The compiler and its libraries must not be proprietary in the way that I or any programmer have to pay for it and I don't want it to be either GPL in such way that a programmer must reveal source for their own projects. I want all my programmers to freely use my compiler, be free to license their work in whatever way they want as well as choose to make it open source or proprietary.
Let's consider the steps involved:
Retargeting an existing C++ compiler: Several production-quality, retargetable C++ compilers are freely available today. For instance, the LLVM platform (clang++) provides some pointers on writing a backend for a new hardware architecture (this naturally applies to VM's as well!).
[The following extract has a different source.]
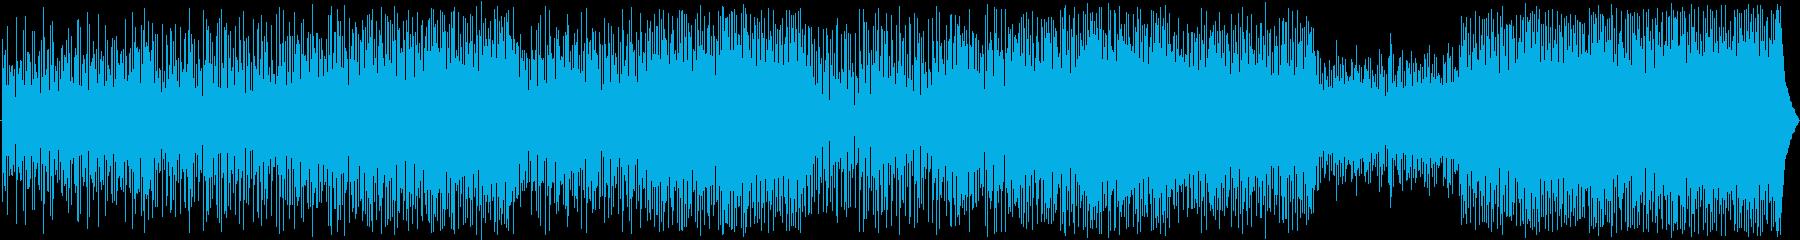 オリジナルのメロディーを備えた、軽...の再生済みの波形

Unfortunately, up-to-date documentation on porting the GNU compilers is harder to come by. It's entirely possible that many of the older documents remain relevant today, but I know far too little about GCC to say.
Note that the effort required to retarget either compiler is likely to depend on how well the instruction set of your virtual machine matches the compiler's low-level intermediate representation. Since they often (at least semantically) take the form of three-address code ― that is, instructions with two source operands and one destination ― writing a code generator for, say, a stack machine (in which all operands are implicitly addressed) could prove to be a bit more difficult.
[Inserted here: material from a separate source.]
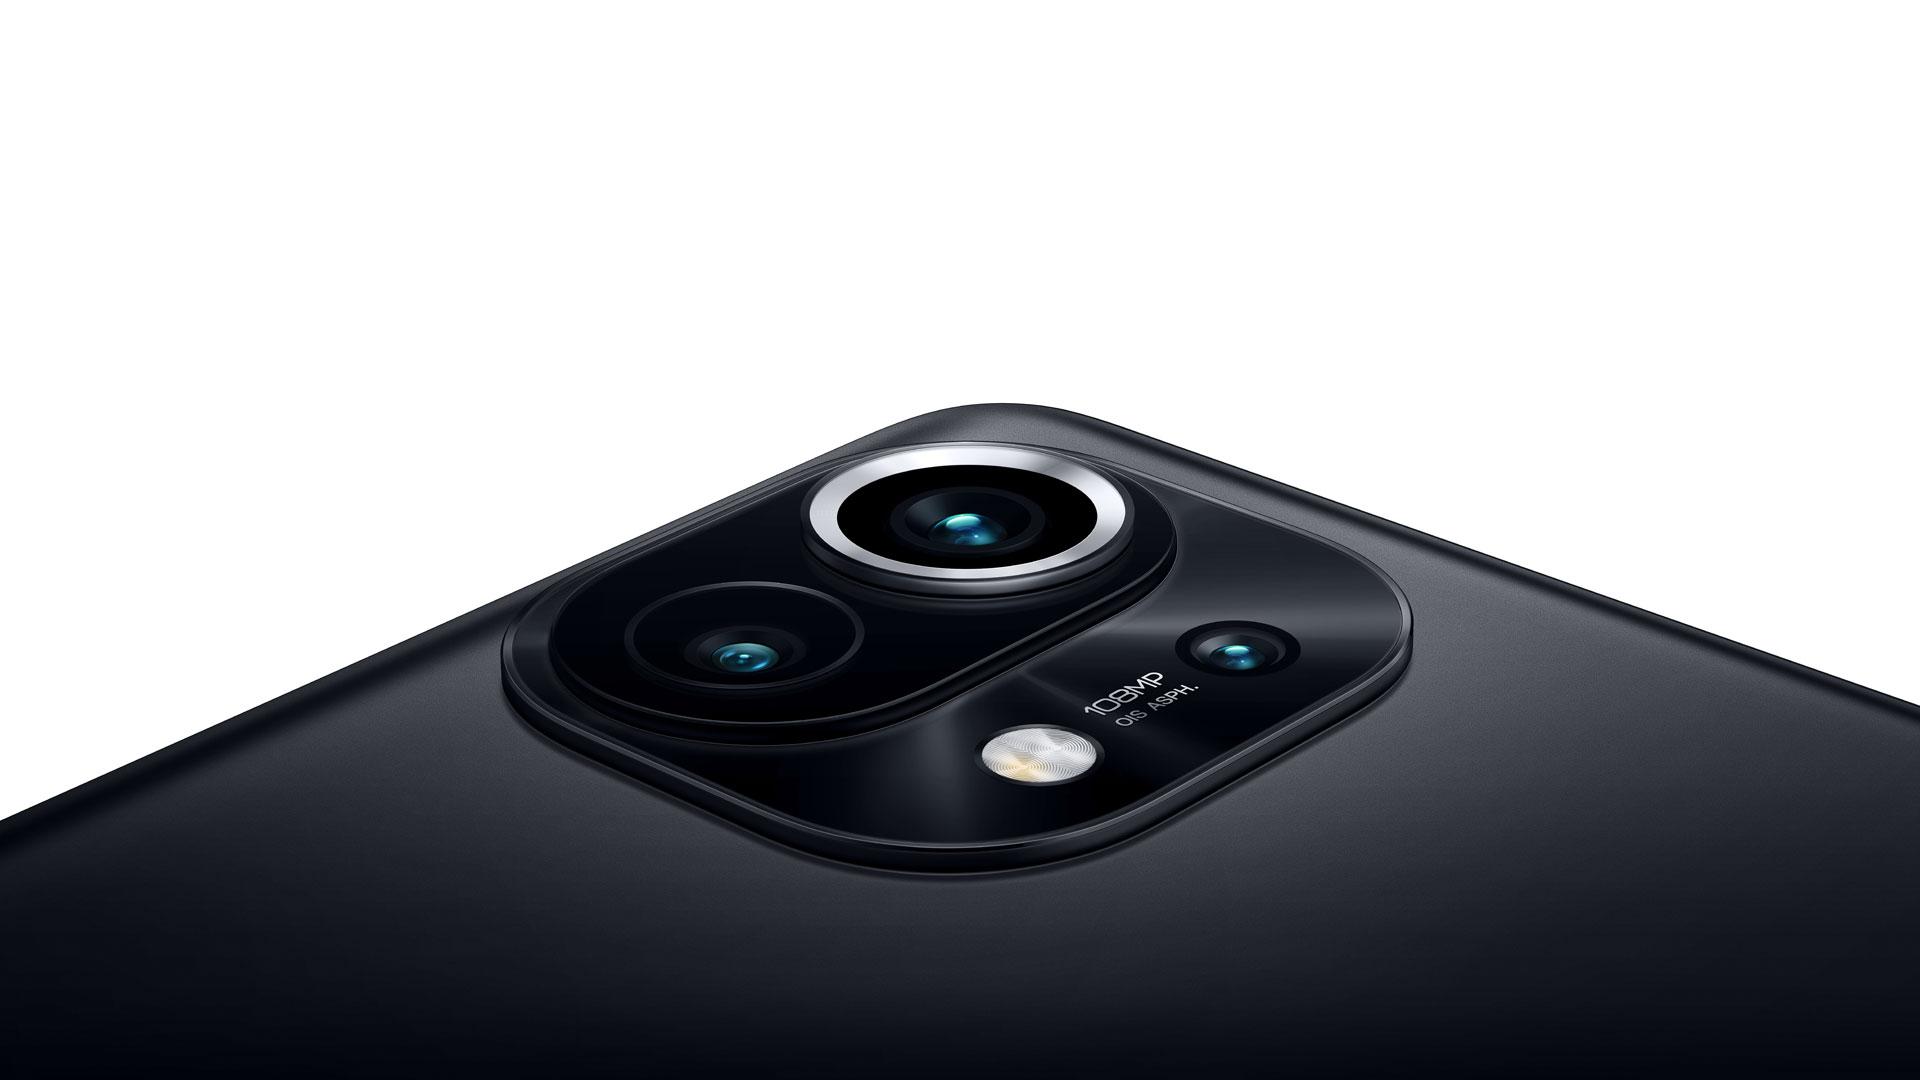 Das Kameramodul des neuen Xiaomi Mi 11 | 5G in Midnight Gray mit Weitwinkel-, Ultraweitwinkel- und Telemakro-Objektiv.

From this point on, you really have two options. You could stick to the conventional way in which C++ programs are compiled, i.e., from source, to assembly, to object files, to linked executable or library. That involves going through the steps I have outlined below. But since you are targeting a virtual machine, it may have requirements that are radically different from those of modern hardware architectures. In that case, you may want to steer clear of existing software like binutils and roll your own assembler and linker.
Writing or porting an assembler: Unless your chosen compiler is able to directly generate machine code, you will most likely also need to write an assembler for your virtual machine, or port an existing one. If your virtual machine's instruction set looks anything like that of a modern machine, and if you want to use the standard C++ compilation/linking pipeline, you could look into porting binutils, specifically gas, the GNU assembler.
Writing or porting a linker: The object files produced by your assembler are not in themselves executable programs. Addresses must be assigned to symbols and segments, and references between object files must be resolved. This means that the linker needs some understanding of your instruction set. In particular, it must be able to find and patch locations in code and data that address memory. The binutils porting guide I linked above is relevant here, too; you may also enjoy reading Linkers and Loaders.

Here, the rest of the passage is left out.